By signing long-term financings we are significantly improving the debt maturity structure. The average maturity of the debt financings arranged for the Commercial Portfolio in 2012 is around 7 years. This has caused the average maturity across all debt of DIC Asset AG to improve considerably, specifically from 2.7 years (as at 30 September 2012) to around 3.5 years. The total costs of the agreed inventory financings equal around 3.25 per cent, which is substantially below the previous average cost of debt of 4.10 per cent. By the end of last year, we present cash and cash equivalents of approx. EUR 60 million. We expect to see an additional cash inflow of approx. EUR 10 million through the disposal of four properties from the proprietary portfolio at year-end whose transfer of ownership is expected in Q1 2013. This means we are starting off into the 2013 financial year with a stable financial structure and a comfortable liquidity position.

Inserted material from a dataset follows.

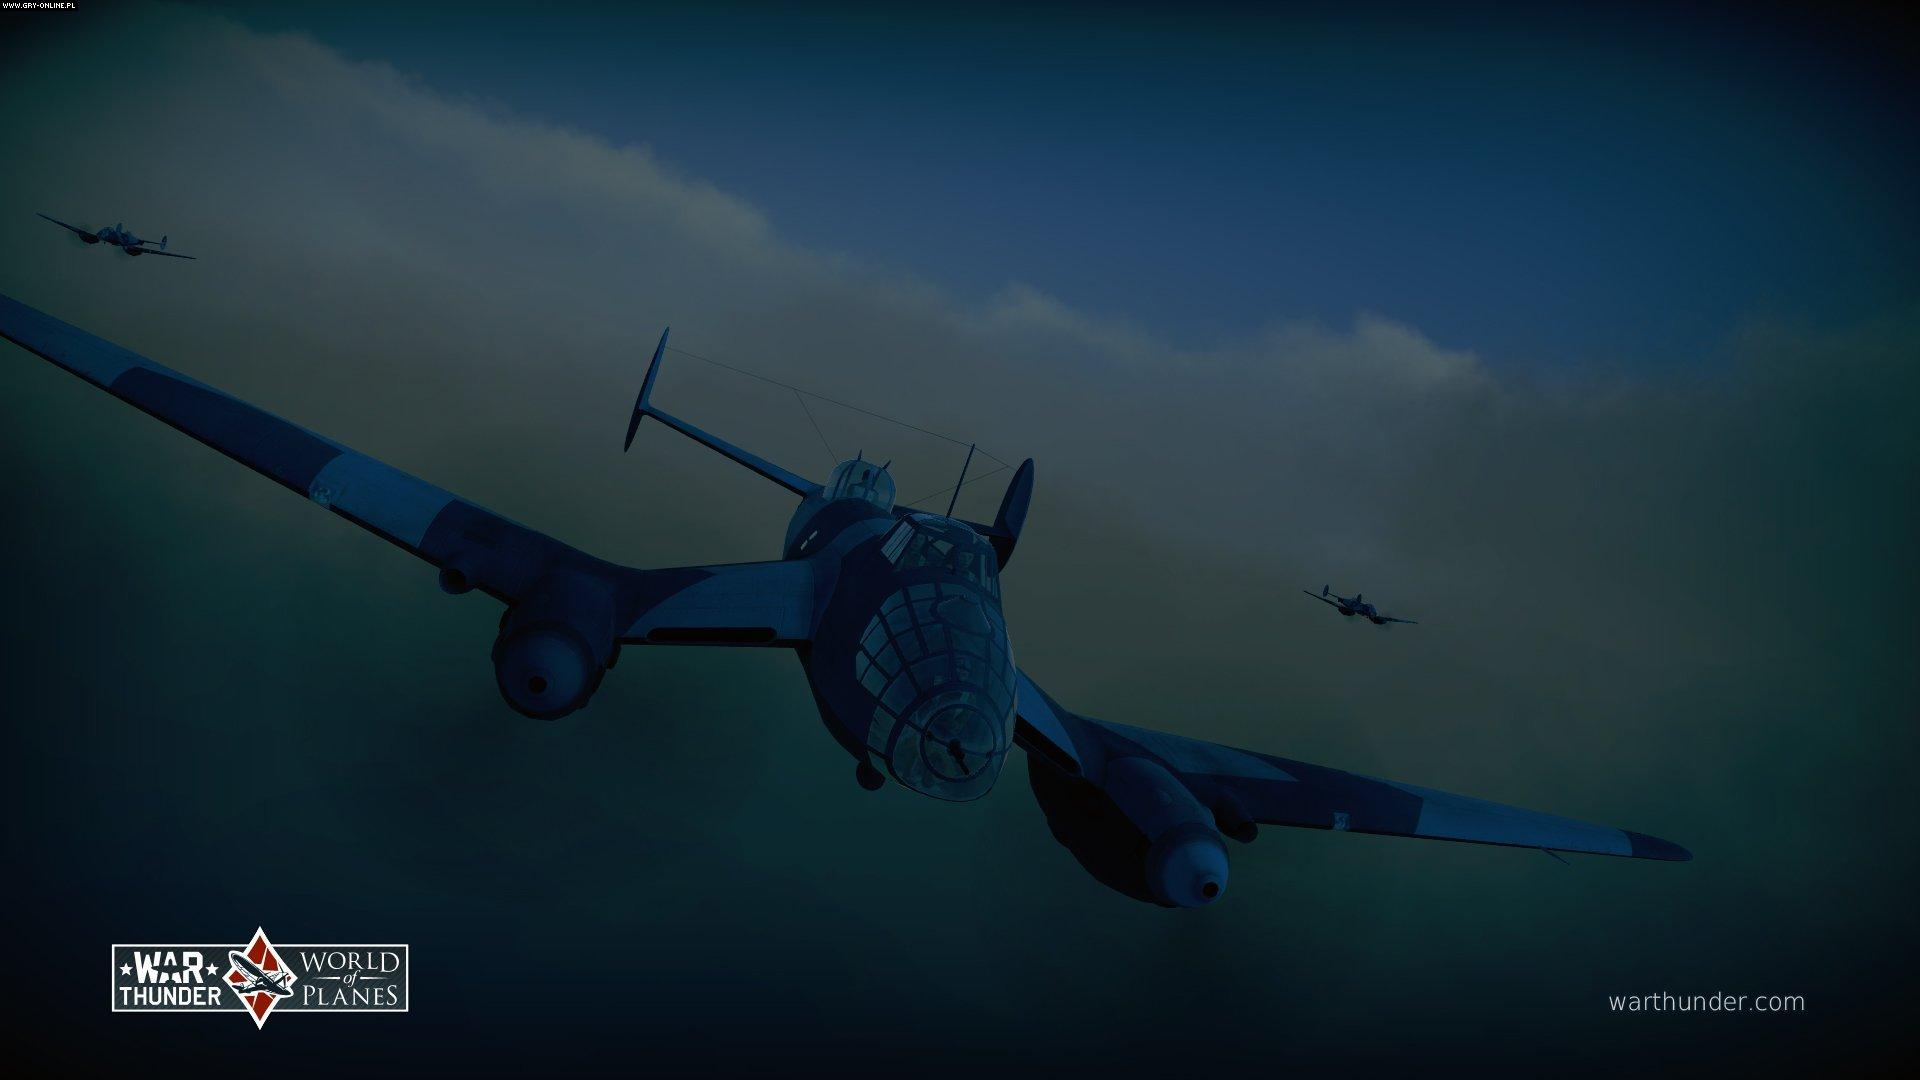 War thunder game virus attack on computer

The swift progress made in our operative business, as outlined above, has arguably laid the main foundation for continued success in the financial year of 2013. With this year’s lease expiration rate of only around 4 per cent of the rental income – which marks a significant lower level compared to previous years – we feel that we have a sound basis for pushing the vacancy rate down even further. The ongoing expansion of the fund business in 2013 will be on a significant increase in fund volume for the institutional retail fund ‘DIC HighStreet Balance’ and additional acquisitions for our first fund, ‘DIC Office Balance I.’ The focus of the MainTor project will be on the actual construction as well as on the continued marketing of the sub-projects started. These were initiated with great success and will make a significant contribution to earnings in the coming years.
Publication of our financial report 2012, including a detailed outlook for the ongoing year, is scheduled for 5 March 2013. The full-length 2012 Annual Report will be available to you by 14 March 2013.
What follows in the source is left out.